Мадам Жоффрен сохранила в памяти почти фотографический образ Польши, сделанный летом 1766 года, и впоследствии считала его безупречным и не нуждавшимся ни в каких поправках. В 1770 году она отказывалась расспрашивать приезжавших в Париж поляков, «из опасения узнать о новых несчастьях». Более того, она сообщила королю: «Я не могу слышать даже имени Польши без содрогания»[672]. Ее ужас соответствовал общей географической сдержанности их корреспонденции, резко отличавшейся от переписки между Вольтером и Екатериной, наслаждавшихся географическими названиями с карты Восточной Европы, «которых никто до этого не слышал». Станислав Август иногда вводил такие названия в свои письма, но мадам Жоффрен не проявляла к ним ни малейшего интереса; такое безразличие вполне подходило тому, кто путешествовал через континент с закрытыми глазами, волшебным образом материализуясь уже в Варшаве. В 1768 году король упомянул, что название Барской конфедерации происходило от города Бар «в Подолии, по соседству с турками и татарами»; именно такие сведения больше всего интересовали Вольтера. Король писал мадам Жоффрен, что французский агент в Крыму подбивал турок объявить России войну[673]. Он сообщил ей, что крестьяне на Украине восстали и совершают массовые убийства, — но такие известия были случайными и чуждыми общему духу их эпистолярного общения.

 

Я не могу сказать вам, выразить вам, до какой степени сердце мое проникнуто вами, вашей дружбой, и до какой степени иногда, например сейчас, когда я пишу вам, я бы хотел побеседовать с вами. Мне кажется иногда, что я вижу вас, оставляя титулы и страсти за дверями, мы садимся поболтать непринужденно, называя все вещи своими именами и смеясь над всеми теми важными несчастьями, которые нам приходится уважать[674].

 

Представляя мадам Жоффрен, король почти видел галлюцинации; галлюцинации были у нее и когда она представляла себе Польшу. При этом конфедераты в Подолии, крестьяне на Украине и агенты в Крыму оставались лишь призраками за плечами у короля, о которых он забывал, пока писал письмо, а она не замечала, поскольку побывала в Варшаве, и этого с нее достаточно. В 1772 году Станислав Август объяснил ей, что Ченстохова, последний оплот конфедератов, был «маленькая крепость у границы с Силезией, известная из-за чудотворного образа Богоматери»[675].

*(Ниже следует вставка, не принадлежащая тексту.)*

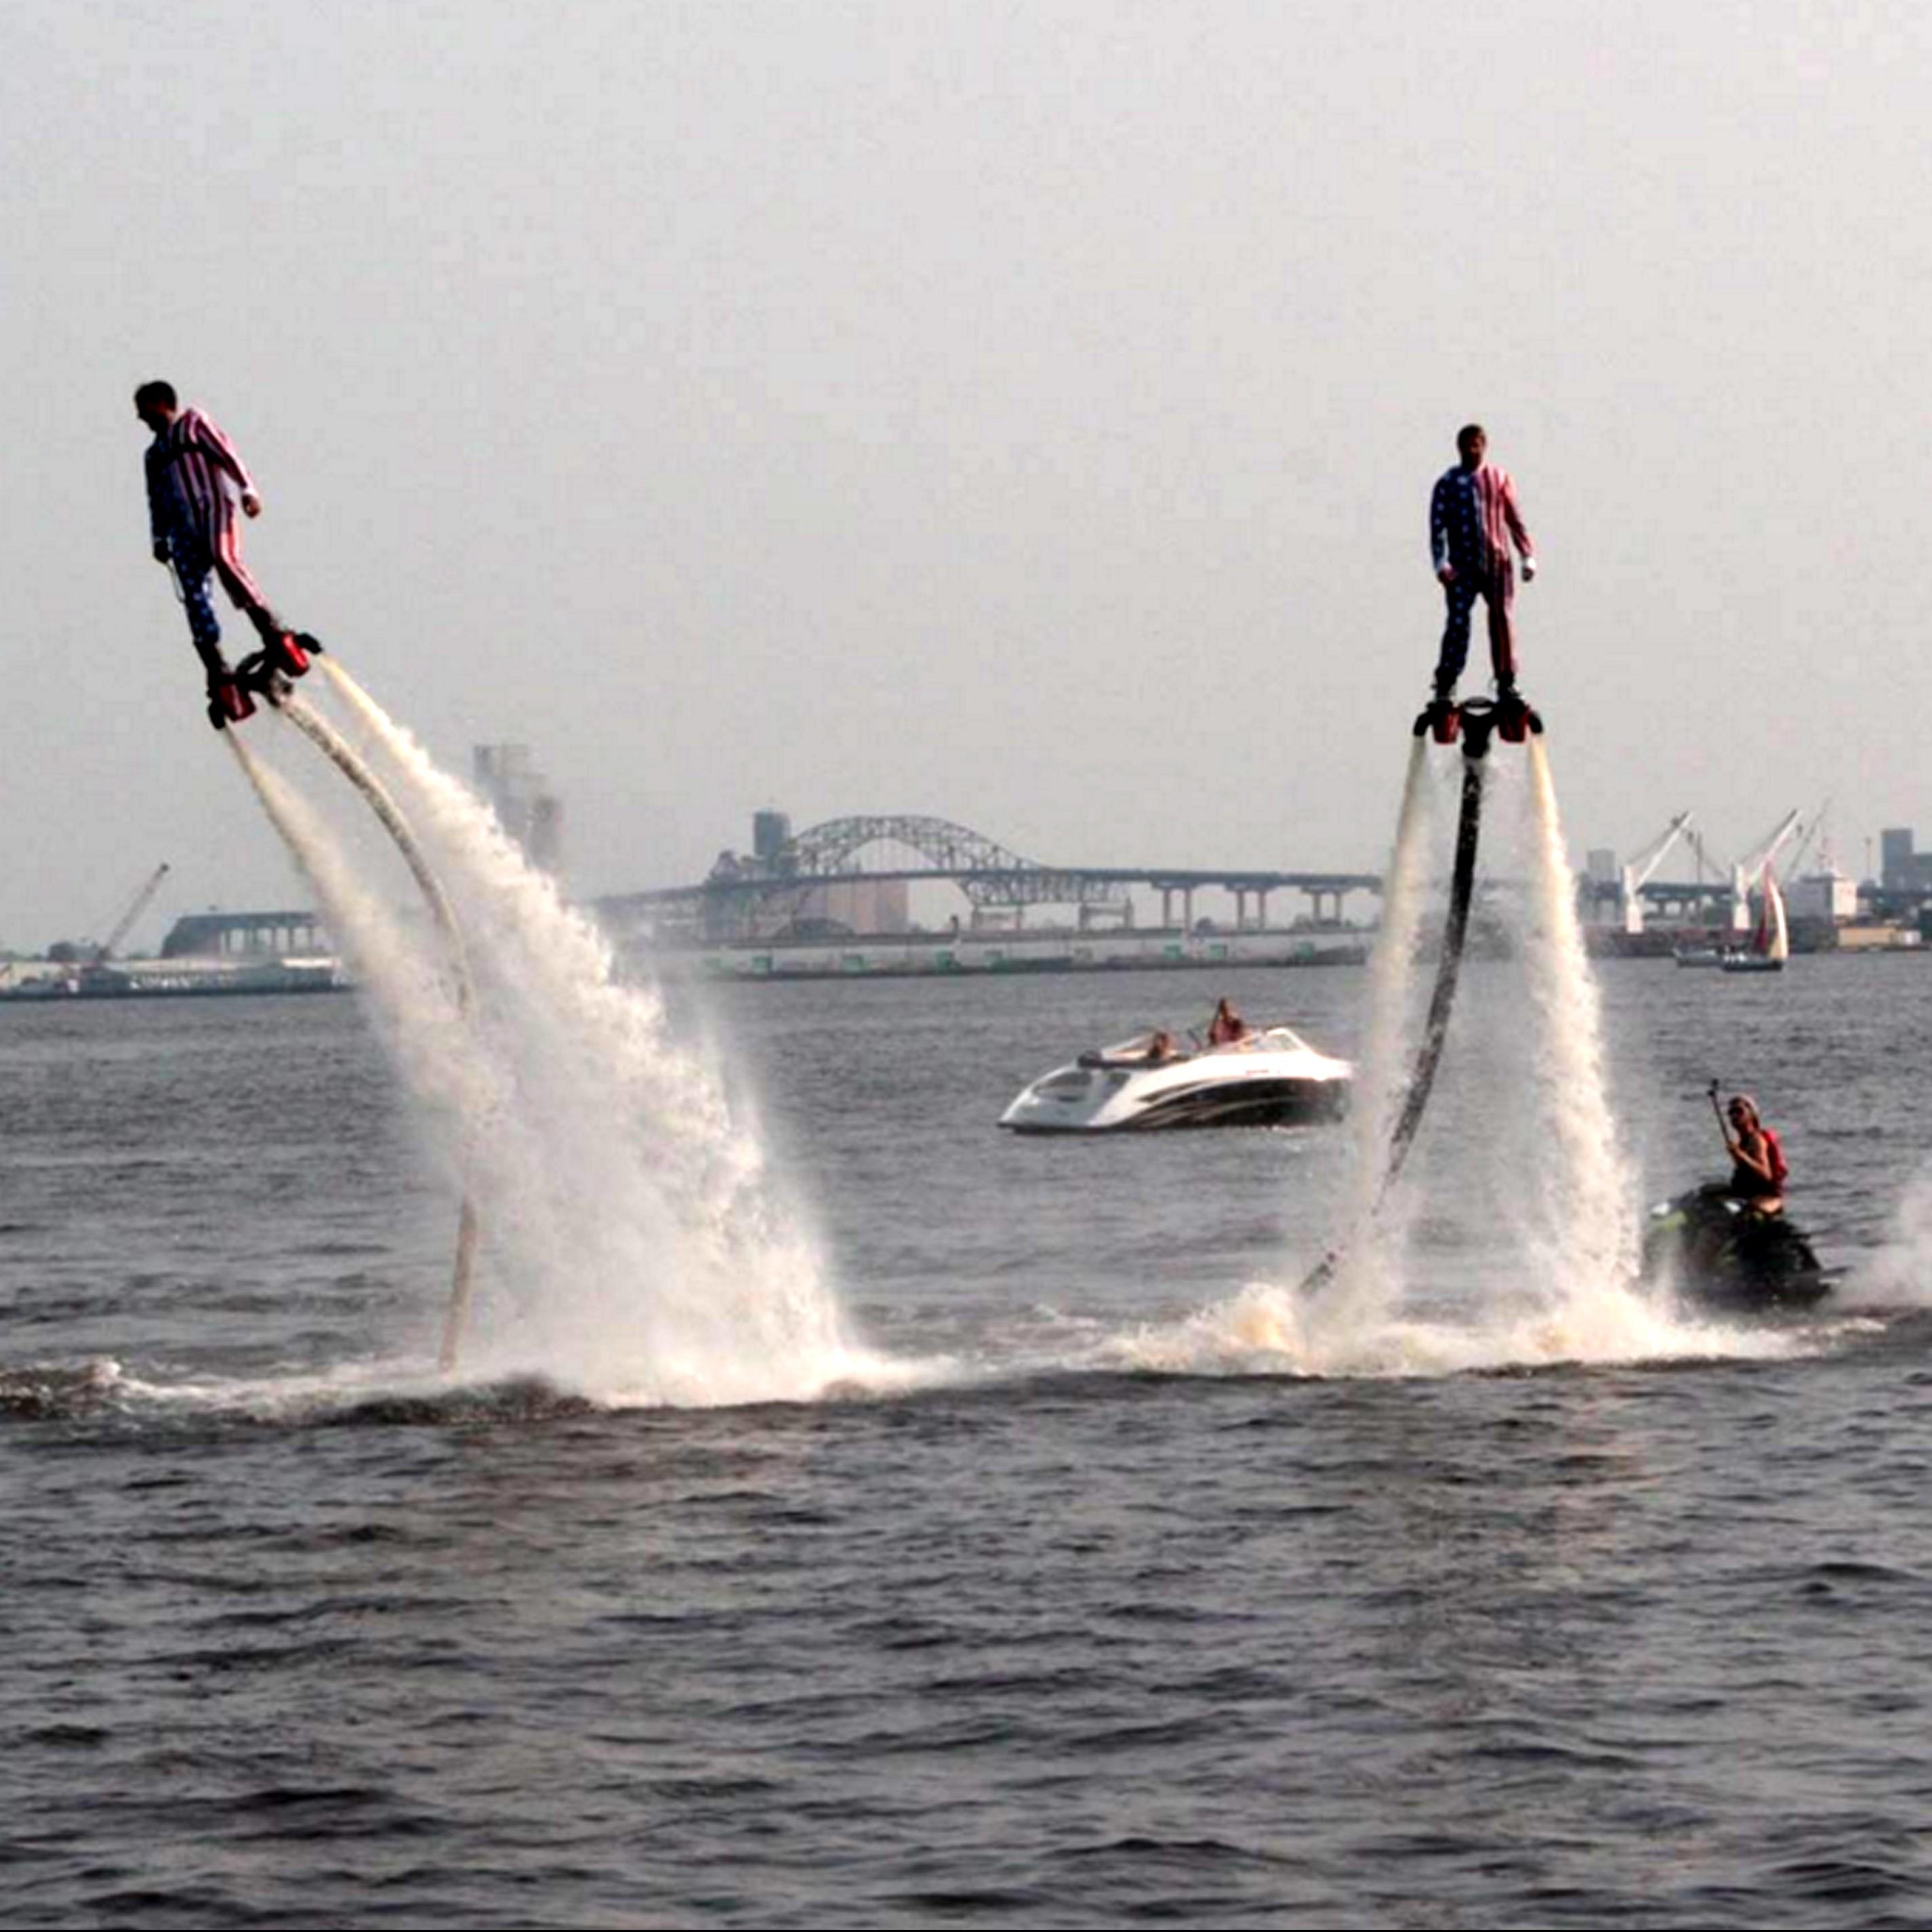 Lake Superior Fly-Board Rentals

Приближаясь к своему семидесятилетию, мадам Жоффрен объявила Станиславу Августу: «Я ежедневно собираюсь в Польшу»; иными словами, она готовится умереть. Польша, таким образом, была метафорой для ожидавшего ее последнего путешествия. Тем не менее в 1770 году, когда Станислав Август попросил ее переслать ему в Польшу, за 500 лиг, немного парижского веселья, она ответила отказом, ибо пребывала в мрачном настроении. «Я видела в Варшаве зародыш всех ваших несчастий», — зловеще утверждала она[676]. В 1773 году, после первого раздела, она судила Польшу очень строго и еще сильнее настаивала на том, что предвидела все заранее:

 

Я признаюсь Вашему Величеству, что несправедливости, заблуждения и недостойность поляков причиняли мне боль, но вовсе не удивили меня. Я видела в течение тех месяцев, что я провела в Варшаве, зародыш всего того, что теперь появилось на поверхности. Мне кажется, что я позволила Вашему Величеству увидеть это краем глаза, но я не хотела показать это слишком ясно, ибо я не видела лекарства и не желала отнять поддерживавшую Вас надежду[677].

 

Взор наблюдающих извне оказывался всепроникающим, по крайней мере — в ретроспективе. Польша была вне зоны действия философических советов из Парижа: «У меня нет ни советов, ни мнений, ни утешений для Вашего Величества». Ей самой было нечего сказать о Польше, и она лишь подтвердила: «когда кто-нибудь говорит о ней, мне хочется спрятать голову в мешок». Станиславу Августу она предложила отречься, прибавив: «Я бы отправилась в Рим». Она в последний раз притворилась коронованной особой, но лишь затем, чтобы показать, как надо презирать корону и отказываться от нее. Ему она предлагала стать кардиналом и жить на покое. «Прошу прощения за эту чушь, — писала она, — но Ваше государство выводит меня из себя»[678]. Как раз в это время Дидро находился в Санкт-Петербурге, представляя Екатерине свои соображения в письменном виде и на всякий случай неловко извиняясь за то, что говорит чушь.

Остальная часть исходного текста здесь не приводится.